Recentemente, la normativa ha subito importanti aggiornamenti: il congedo parentale passa da 12 a 14 anni, anche per figli adottivi e in affidamento, confermando l’impegno a tutelare il ruolo dei genitori in tutte le fasce di età e in tutte le tipologie di tutela giuridica del minore. Tuttavia, ci sono precise condizioni che devono essere rispettate affinché tale diritto possa essere esercitato, tra cui il rispetto dei requisiti contributivi e l’assenza di altri sostegni economici incompatibili.
Inoltre, è importante sottolineare che il congedo può essere riconosciuto a entrambi i genitori, anche in caso di separazione o divorzio, e può essere richiesto durante l’intero percorso scolastico o di affidamento, purché siano rispettate le scadenze temporali e le modalità di fruizione previste dalla legge. L’INPS fornisce strumenti e indicazioni per agevolare il corretto accesso a questa prestazione, garantendo ai genitori il sostegno necessario in questa delicata fase della vita familiare.
Eccezioni e speciali situazioni
In alcuni casi di affidamenti prolungati, le modalità di fruizione del congedo possono essere ulteriormente personalizzate, sempre nel rispetto delle norme sulla tutela della genitorialità e del diritto al lavoro.

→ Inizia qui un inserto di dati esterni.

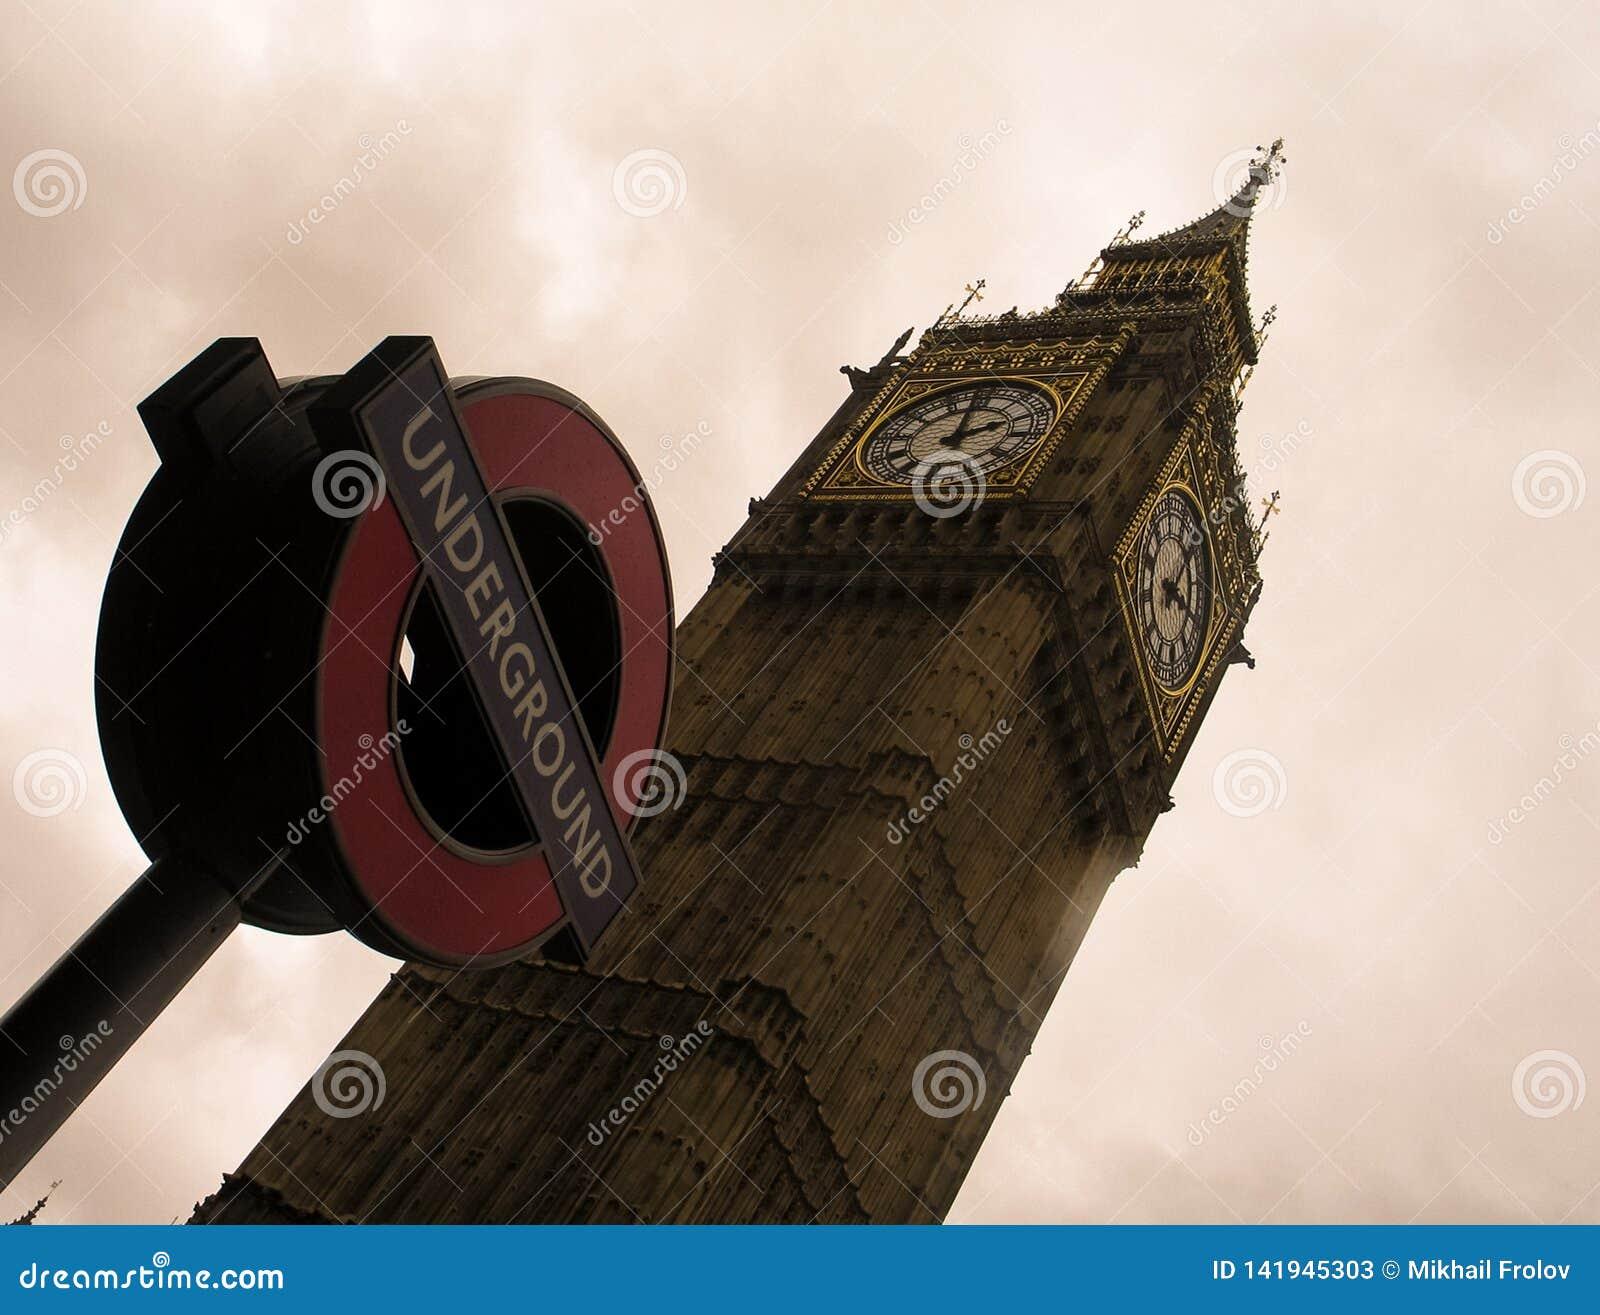 Torre de Big Ben y la muestra del metro de Londres contra un cielo nublado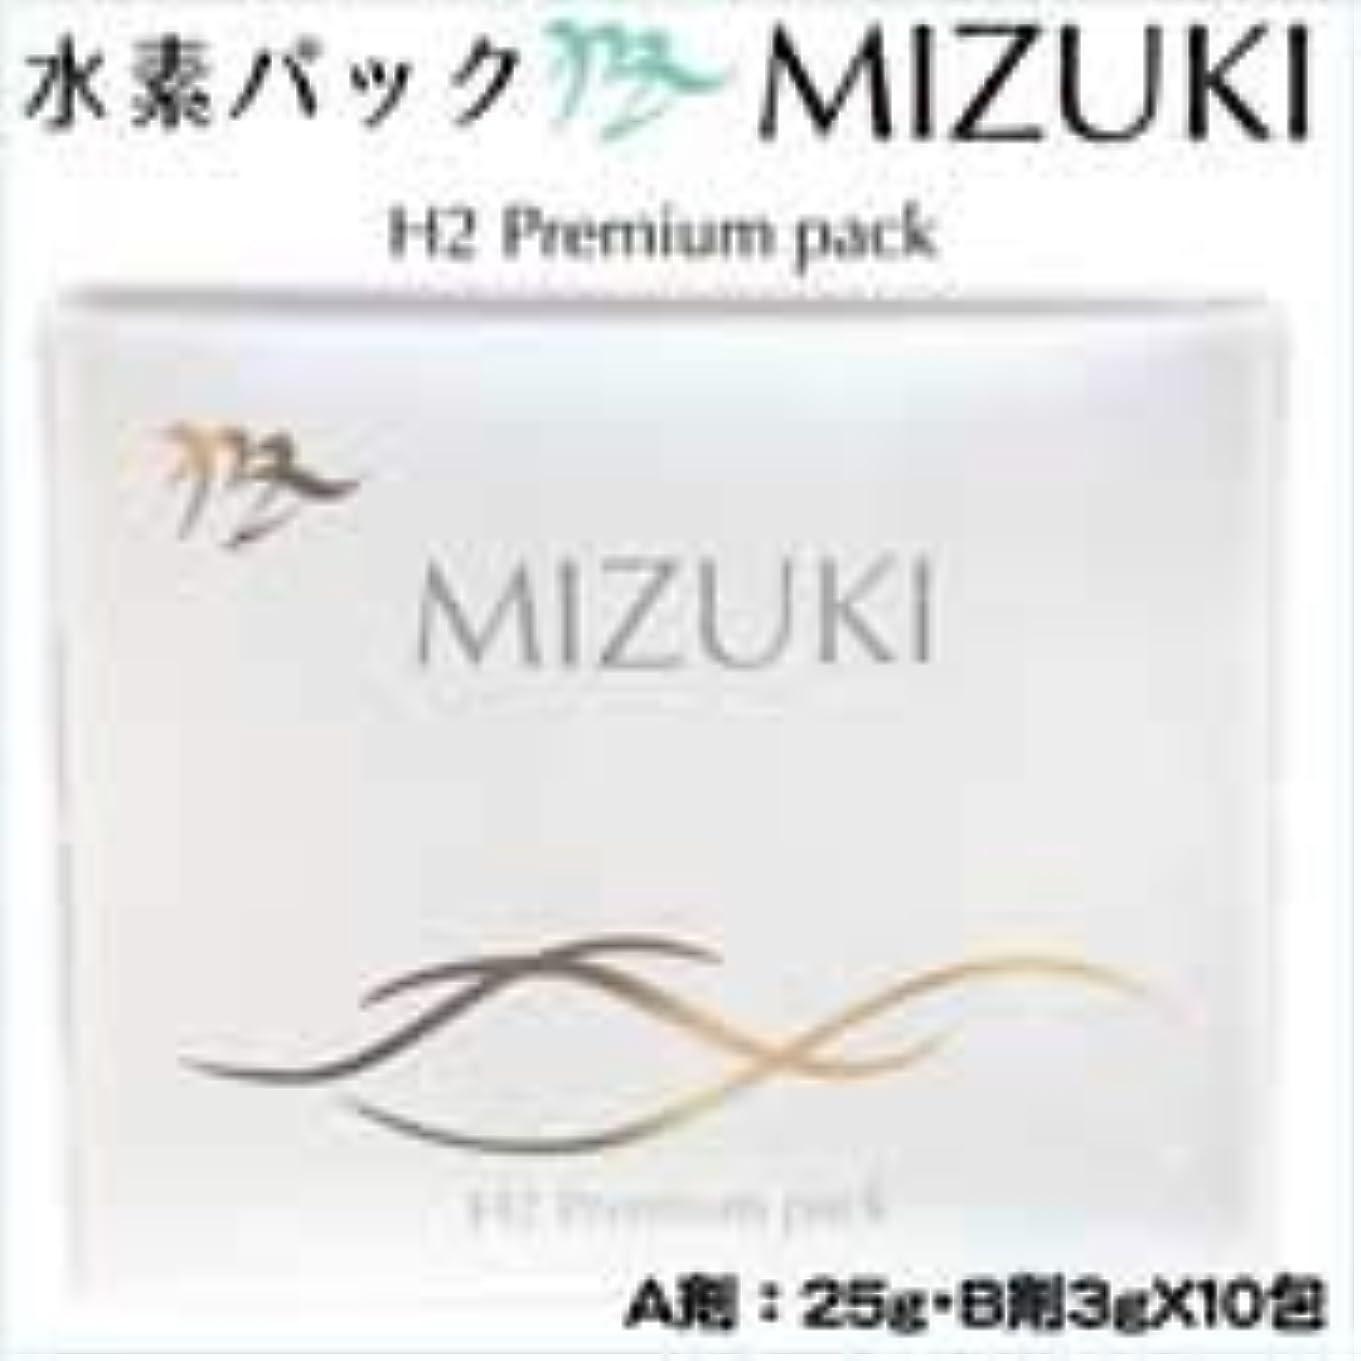 計画太い式MIZUKI H2 Premium pack ミズキ プレミアムパック A剤:25g、B剤:3gX10包 スパチュラ付き

Cosa succede ai periodi di congedo fruiti prima del 2026
Le assenze già godute prima della data di entrata in vigore della nuova normativa continueranno a essere regolate secondo le norme previste fino al 31 dicembre 2025, con un limite massimo di 12 anni di età del figlio per la fruizione del congedo. La modifica apportata dalla legge di bilancio 2026 estende tale limite di due anni, portandolo a 14 anni per i periodi successivi.
Impatto sulla pianificazione familiare e lavorativa
Questa modifica consente a più genitori di pianificare interventi di supporto al minore durante un arco temporale più ampio, anche in caso di adozione o affidamento di figli più grandi.
Consigli pratici per i genitori
È fondamentale rivolgersi prontamente al datore di lavoro e all’INPS per aggiornare le pratiche di richiesta del congedo, garantendo così il rispetto delle nuove scadenze e delle modalità di utilizzo.
FAQs
Congedo parentale: estensione a 14 anni, anche per figli adottivi e affidati. L’INPS aggiorna le novità
La normativa è in vigore dal 1° gennaio 2026, estendendo il limite di età del congedo da 12 a 14 anni.
Sì, l’ampia normativa si applica anche a figli adottivi e in affidamento, garantendo maggiori diritti ai genitori in tutte le situazioni di tutela del minore.
La durata massima del congedo è di 14 anni dalla nascita o dall’ingresso in famiglia del minore, anche in caso di adozione o affidamento.
La richiesta si presenta all’INPS tramite piattaforme telematiche, allegando la documentazione di supporto come atto di affidamento o certificazione di nascita.
È necessario allegare il provvedimento di affidamento o atto di adozione e eventuali certificazioni che attestino la data di ingresso del minore in famiglia.
Sì, è possibile richiedere un congedo frazionato o part-time, purché la durata complessiva non superi i 14 anni di vita del bambino o ingresso nel nucleo familiare.
Il minore deve essere sotto i 14 anni di età al momento della richiesta e devono essere rispettate le condizioni contributive e di assenza di altri sostegni incompatibili.
Sì, in affidamenti prolungati le modalità di fruizione possono essere personalizzate, sempre nel rispetto delle norme sulla tutela della genitorialità e del diritto al lavoro.
Le congedi già usufruiti prima del 2026 sono regolati secondo le norme fino al 31/12/2025 con limite massimo di 12 anni; dal 2026, il limite si estende a 14 anni per i periodi successivi.